Лампы мигают и гаснут, свечи истаивают одна за другой, оставляя только тонкие росчерки дыма. Ветер стучится в окна и двери, ломится в дом, но запоры крепки, и крест на стене не позволит никакому злу просочиться внутрь. За окном скулит, воет так отчаянно, нечеловечьи, так разумно, как не может выть и скулить всего лишь разгулявшийся ветер. Холод обнимает шею Марии, проскальзывает за шиворот, и она зажмуривается и молится, повторяя и повторяя «Pater noster», намертво въевшееся в разум ещё в детстве.

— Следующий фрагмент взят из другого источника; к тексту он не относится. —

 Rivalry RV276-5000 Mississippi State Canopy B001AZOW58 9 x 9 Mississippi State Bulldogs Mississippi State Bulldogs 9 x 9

Когда старые часы в холле бьют девять раз, по стеклу стучат. Тук-тук. Тук-тук-тук. Так не могут стучать ветви, да и не растут деревья так близко к дому. Тук-тук. Подойди, Мария. Посмотри, кто пришёл к твоему дому, посмотри, кого сдерживают не двери и запоры – крест на твоей стене. Тук-тук. Тук-тук-тук. Или ты боишься, Мария? Что ж не боялась, когда хозяйкой вошла в этот дом, дом ведьмы?
Тук-тук.
Тук-тук-тук.
Мария сбивается, слова раскатываются с языка, непослушными бусинками разбегаются из-под пальцев – из памяти, стоит только потянуться за ними. Она немеет – всего на минуту или меньше, но этого достаточно, чтоб разобрать скрипучий человечий шёпот среди завывания ветра.
Тук.
«Мария…»
Тук-тук-тук.
«Послушай меня, Мария…»
Тук-тук.
«Впусти меня…»
Сжав прохладной ладонью деревянный крест на груди, Мария подходит к окну, отдёргивает шторы, не позволив себе усомниться и испугаться. Сегодня канун Дня Всех Святых, сегодня может быть что угодно.

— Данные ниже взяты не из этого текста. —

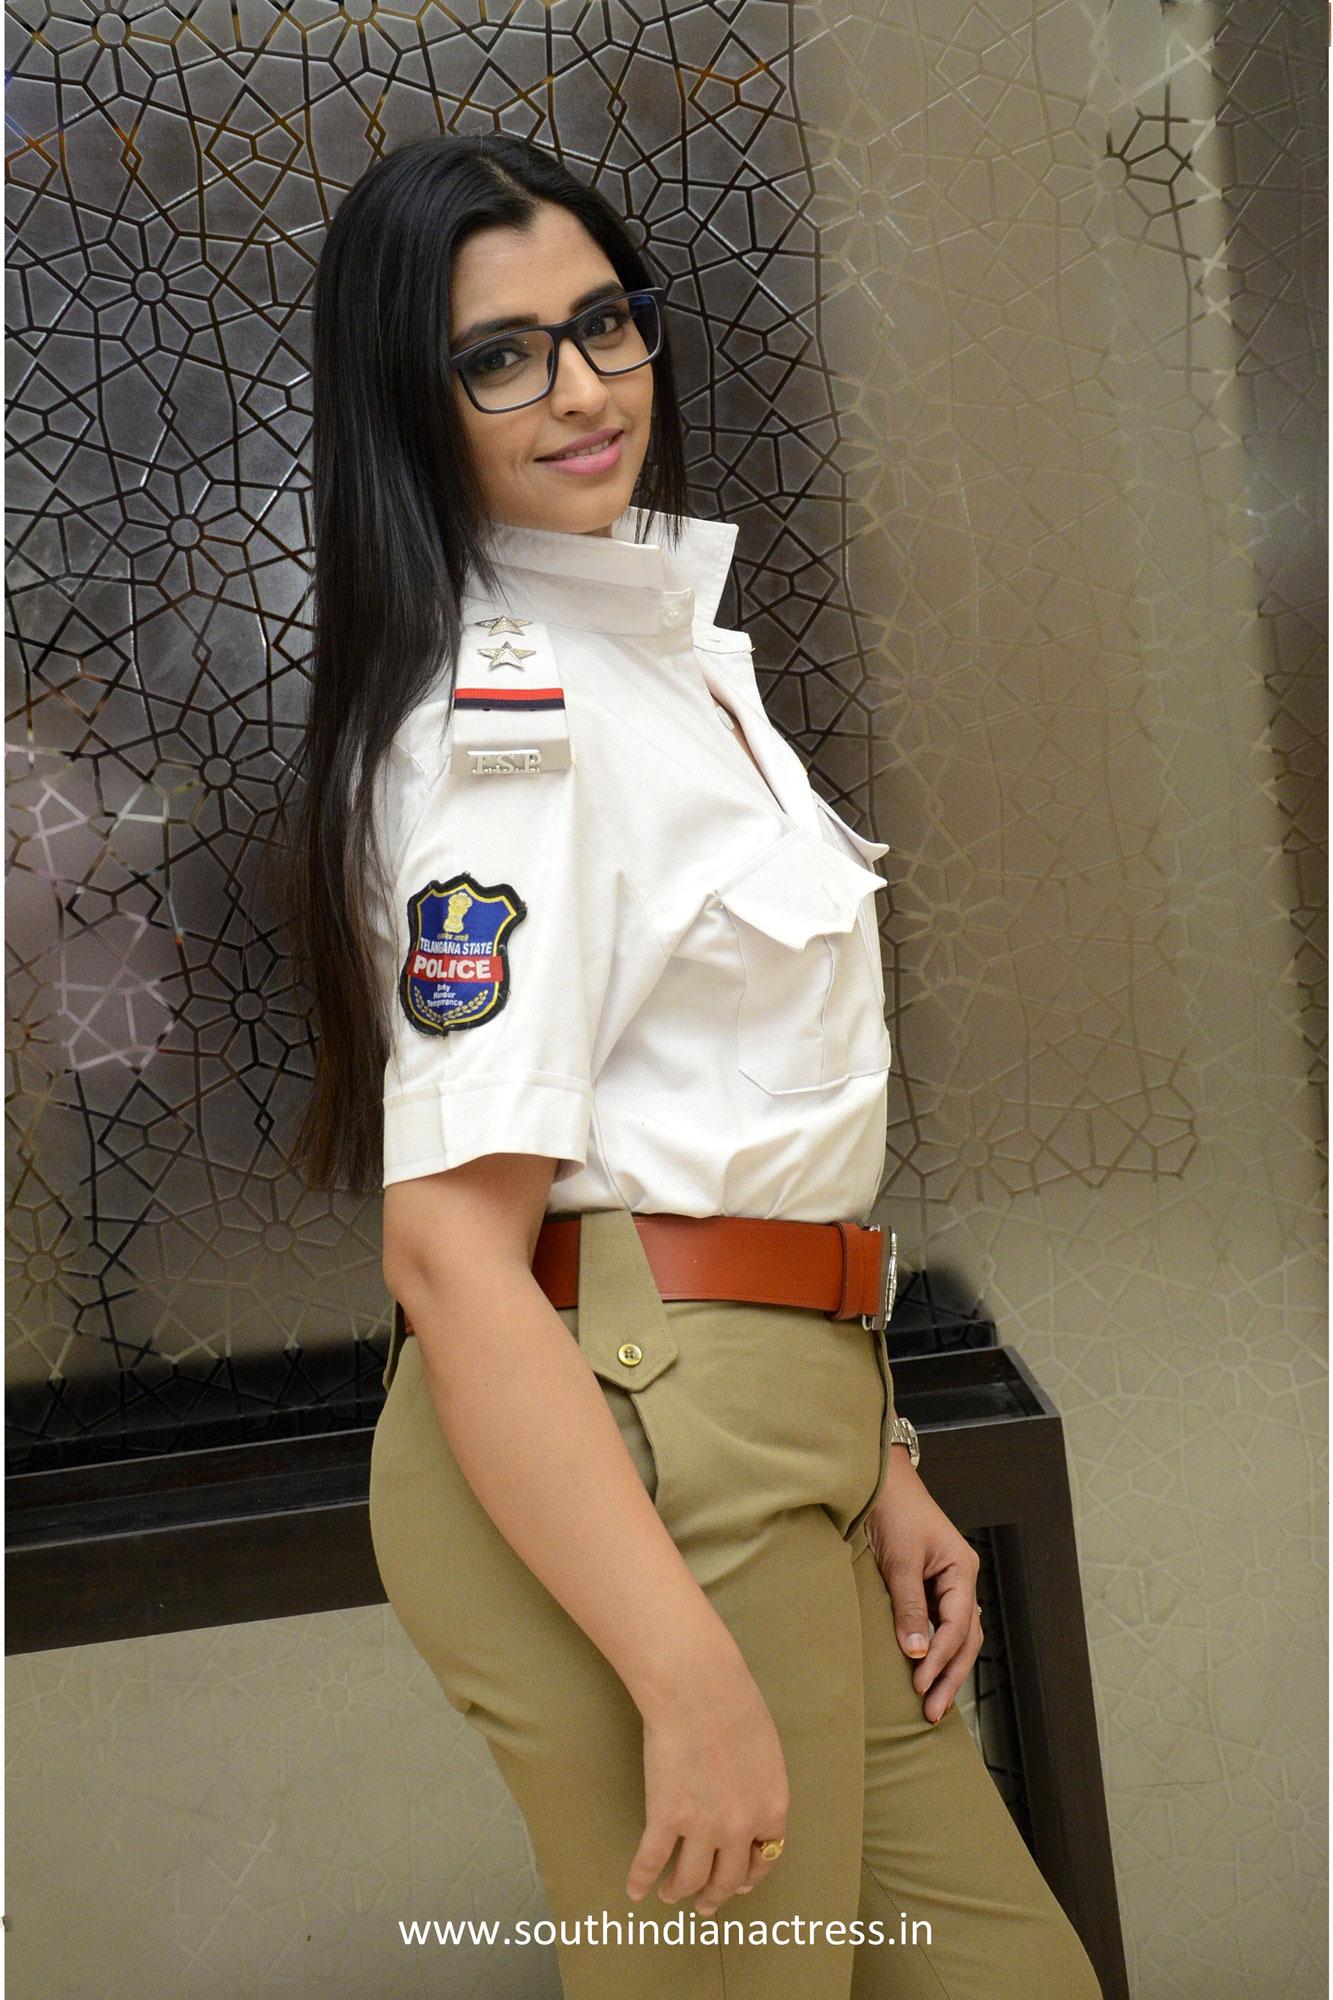 Syamala Anchor Bomb Pics in Lady Police Dress - Latest

Мария никогда не видела мать Бригитты, не было ни чёрно-белых фото с нею, ни портретов, да и муж отвечал на вопросы уклончиво, а сама Бригитта враждебно молчала, и Мария смирила своё любопытство. Но сейчас Мария узнаёт её с первого взгляда – мёртвую Бадб.
Она стоит – у самых окон, высокая, неестественно прямая, чёрные волосы плещутся на ветру рваным стягом, и вороньи перья мелькают в них. Руки – тонкие, исхудалые, нечеловечьи длинные, с загнутыми когтями хищной птицы. А лицо – худое, белое, острый подбородок, узкие губы, и над ними чёрный, лаково-блестящий вороний клюв, и глубоко сидящие ягодки-глаза, и перья от них вразлёт.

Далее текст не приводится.